[La columna deca(n)dente] A más corrupción, más oración
«Y yo les pido con profunda humildad que oren, que recen por todas las autoridades para que no flaqueemos, para que no seamos tentados a robar», fueron las palabras de Hania Pérez de Cuéllar, hasta ayer ministra de Vivienda, quien, en un arranque de sinceridad, ha revelado la estrategia para erradicar la corrupción en el gobierno y en el parlamento: la oración. Rezar por las autoridades para que no sucumban a la tentación de robar.
Por fin, después de años de lucha contra la corrupción, de leyes y regulaciones, de comités y comisiones, se ha encontrado la solución definitiva. Ya no se necesita más transparencia, ni rendición de cuentas, ni control ciudadano. Solo es necesario cerrar los ojos, unir las manos y pedir a Dios que guíe a las autoridades electas y a los congresistas por el sendero de la honestidad.
Pérez de Cuéllar ha descubierto que la corrupción no es un problema de estructuras, incentivos, poder o dinero. No, es simplemente un problema de falta de fe. Y la fe, como todos sabemos, mueve montañas… y también fondos públicos.
Con esta innovadora estrategia gubernamental, podemos olvidarnos de la necesidad de reformas políticas y económicas. No necesitamos más educación cívica ni participación ciudadana. Solo más iglesias y templos, y más ciudadanos que recen con devoción para proteger las conciencias de nuestras autoridades y parlamentarios.
La implementación de este plan espiritual seguramente transformará la manera en que entendemos la gestión pública. Los auditores serán reemplazados por sacerdotes y las investigaciones, por plegarias. Olvidemos las tediosas denuncias judiciales y los informes de transparencia: basta con multiplicar las misas para mantener a raya la corrupción. ¡Vade retro, corrupción!
Así, las comisiones de ética podrían ser reconfiguradas como grupos de oración parlamentaria. Los debates en el Congreso ya no serán sobre leyes complicadas o reformas técnicas, sino sobre la mejor manera de orar colectivamente para expiar los pecados de nuestros congresistas.

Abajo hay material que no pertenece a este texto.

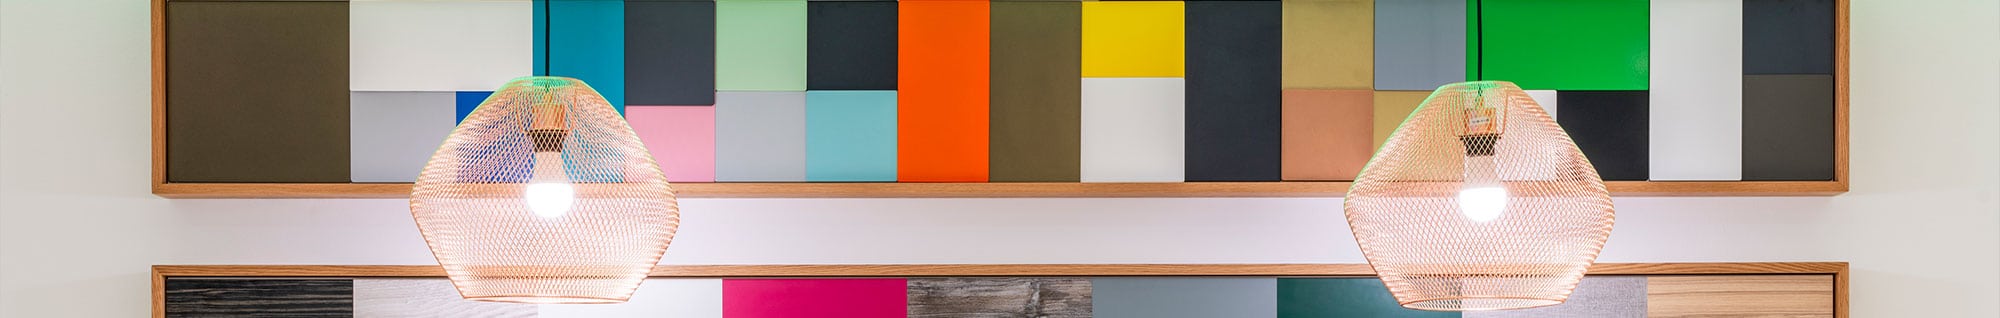 Lyra Copper Mesh Pendants Featured in Luxury Office Furniture Showroom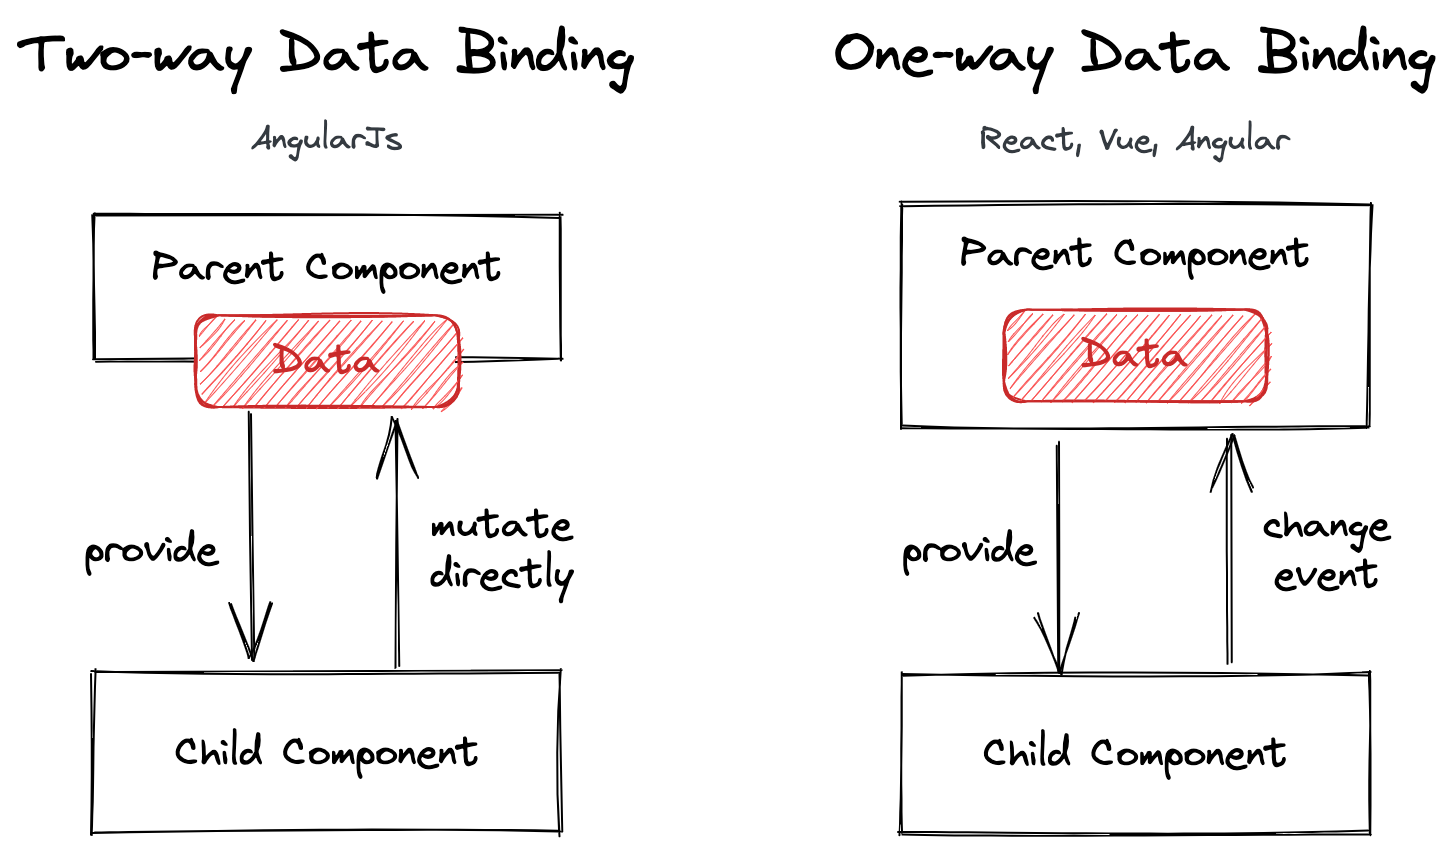 Two-way Data Binding vs. One-way Data Binding

En este nuevo y espiritual escenario, la verdadera responsabilidad recae sobre todos nosotros. Si en algún momento un funcionario público cayera en la tentación, no sería su culpa, sino nuestra. Quizás no oramos lo suficiente o no lo hicimos con la convicción necesaria. Al final, la corrupción ya no será vista como un fracaso del sistema, sino como una prueba de fe que todos debemos enfrentar juntos. Amén.